Masyarakat berkepribadian Jawa yang menyatakan agamis, tetapi "Keagamaan" Jawa-nya bersifat multi-lapis, multi-tafsir dan multi-wajah. Mereka tetaplah seorang yang Jawa, meski terlahir dari hasil senggama antara daging dan doktrin sekalipun darahnya tetap saja seorang Jawa. Karena evolusi masyarakat Jawa dalam perkembangannya selama ratusan tahun dan dalam perubahannya hingga sekarang tidak terhenti dan masih berproses untuk menentukan dan menuju identitas bangsa yang berkualitas. 


                                                                                    
Sumber :
Observasi/ pengamatan langsung di lapangan dalam prosesi Mahesa Lawung, (4 April 2011)
Gambar diambil dari dokumentasi pribadi.

1 komentar:

  1. Bismillah. Saya bersaksi bahwa tidak ada sesembahan yang hak kecuali Allah dan saya bersaksi bahwa Nabi Muhammad adalah utusan Allah.
    Mba Nura yang semoga Allah memberikan keselamatan dan kesejahteraan dalam iman dan islam.
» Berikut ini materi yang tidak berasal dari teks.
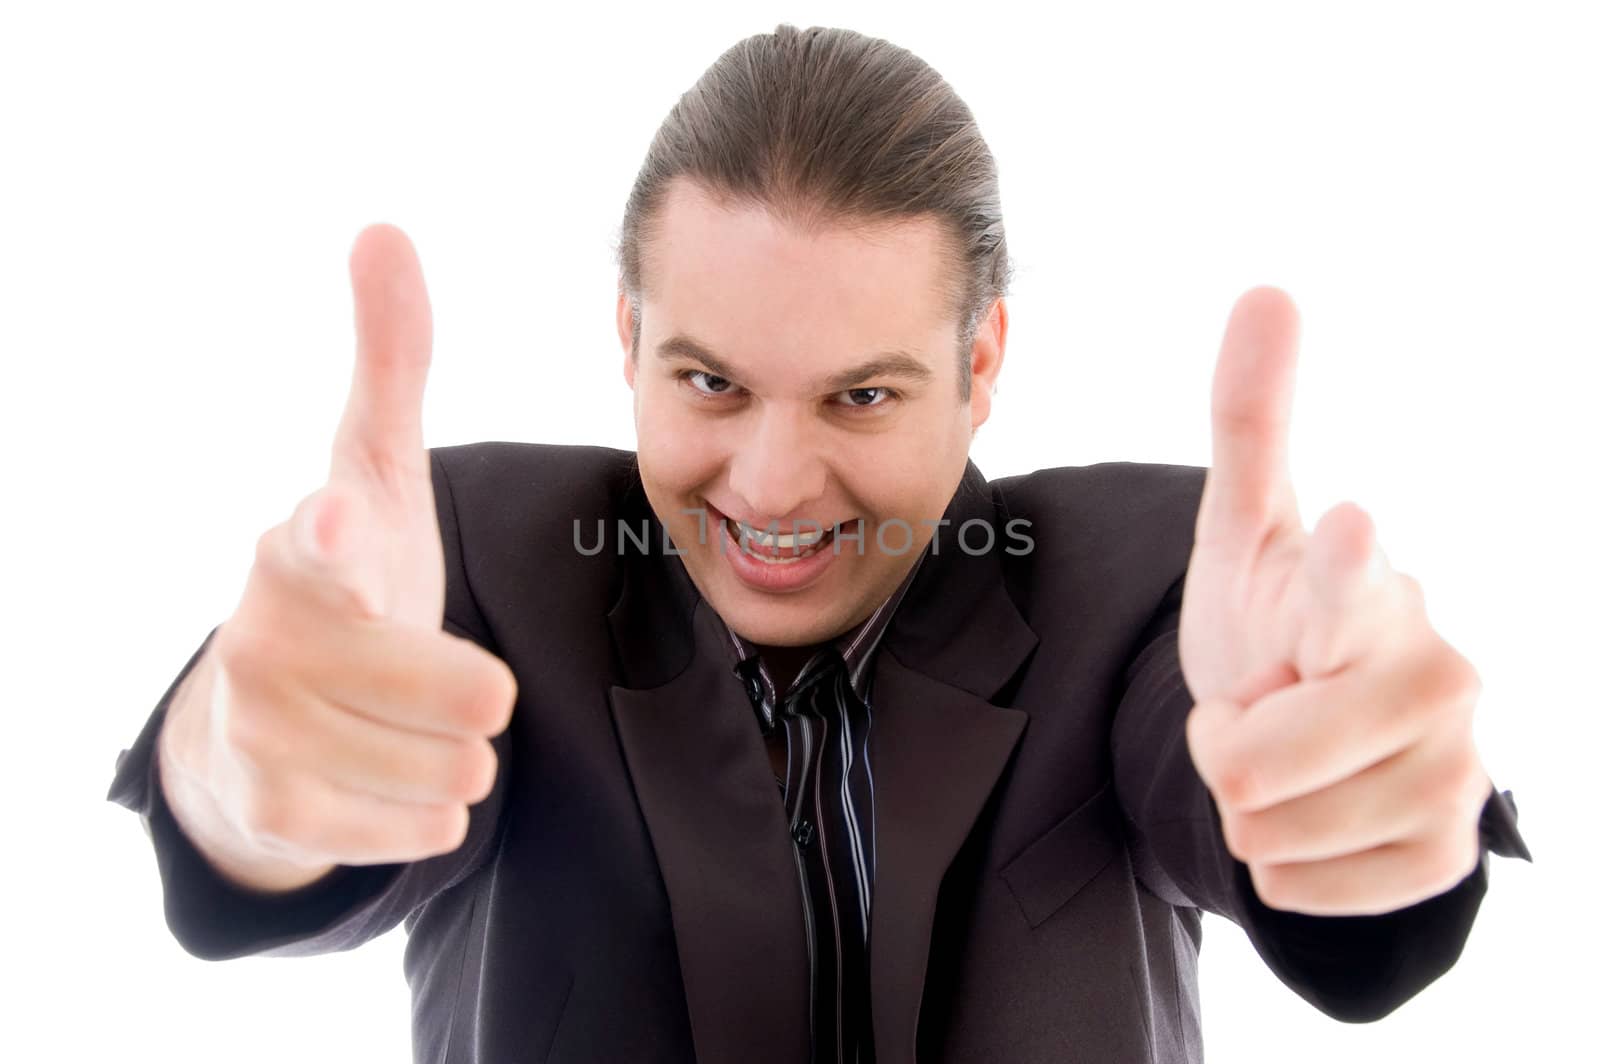 young businessman showing thumbs up on an isolated white background

    dikatakan bahwa : " sebagai wujud rasa syukur kepada Tuhan yang telah memberi kehidupan dan juga memohon kepada Tuhan untuk keselamatan serta kesejahteraan Keraton Kasunanan Surakarta pada khususnya dan Negara Indonesia pada umumnya". Kalimat inilah yang menutupi heketakat sebenarnya dari ritual ini. Sebuah kalimat yang biasa dilontarkan oleh musrikin qurais ketika diajak supaya islam mereka menolak yaitu bahwa mereka tidak menyembah berhala tetapi hanya bermaksud mendekatkan diri kepada Allah ( QS Az Zumar :3) masih banyak ucapan atau kegiatan yang menutupi kegiatan kesyirikan, seperti :
    1. Melestarikan budaya nenek moyang? ...Budaya yang mana dulu? sopan santun, bersih desa, gotong royong mabangun rumah? kalau ini OK tapi kalau budaya nyajeni..ritual ini dan itu..itu tradisi kesyirikan. kalau sudah islam harus berlepas diri dan tidak cawe- cawe
    2. Melestarikan budaya lokal
    3. Nguri- nguri kabudayan ( kalimat nomor 2 dan 3 di lihat konteknya dulu)
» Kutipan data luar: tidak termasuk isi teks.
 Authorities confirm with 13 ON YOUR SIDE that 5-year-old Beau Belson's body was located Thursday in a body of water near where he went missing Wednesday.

    4. Dalam acara ritual sesaji diucapkan ayat alqur'an.( ini hanya akal- akalan saja supaya terlihat islami )
    dibalik itu sebenarnya mereka sedang beribadah kepada selain Allah . Jadi bukan sedikit menyimpang dari islam tetapi sudah diluar islam. Apa indikasinya ini pertanyaannya :
    1. Bagaimana mungkin bersyukur dengan memendam kepala kerbau ? menyediakan sesaji ?
    2. Mengapa bersyukurnya bukan secara islam ? dll bisa dilihat melalui publikasi foto-fotonya
    3. Kalau ditanya mengapa diadakan, jawabannya " bersyukur kepada Allah". Coba sekali kali ditanya : Bagaimana kalau tidak diadakan ? pastibaru ketahuan dibalik itu semuanya.
    Alhamdulillah semoga Allah menghindarkan saya dan keturunan saya dari ritual seperti ini.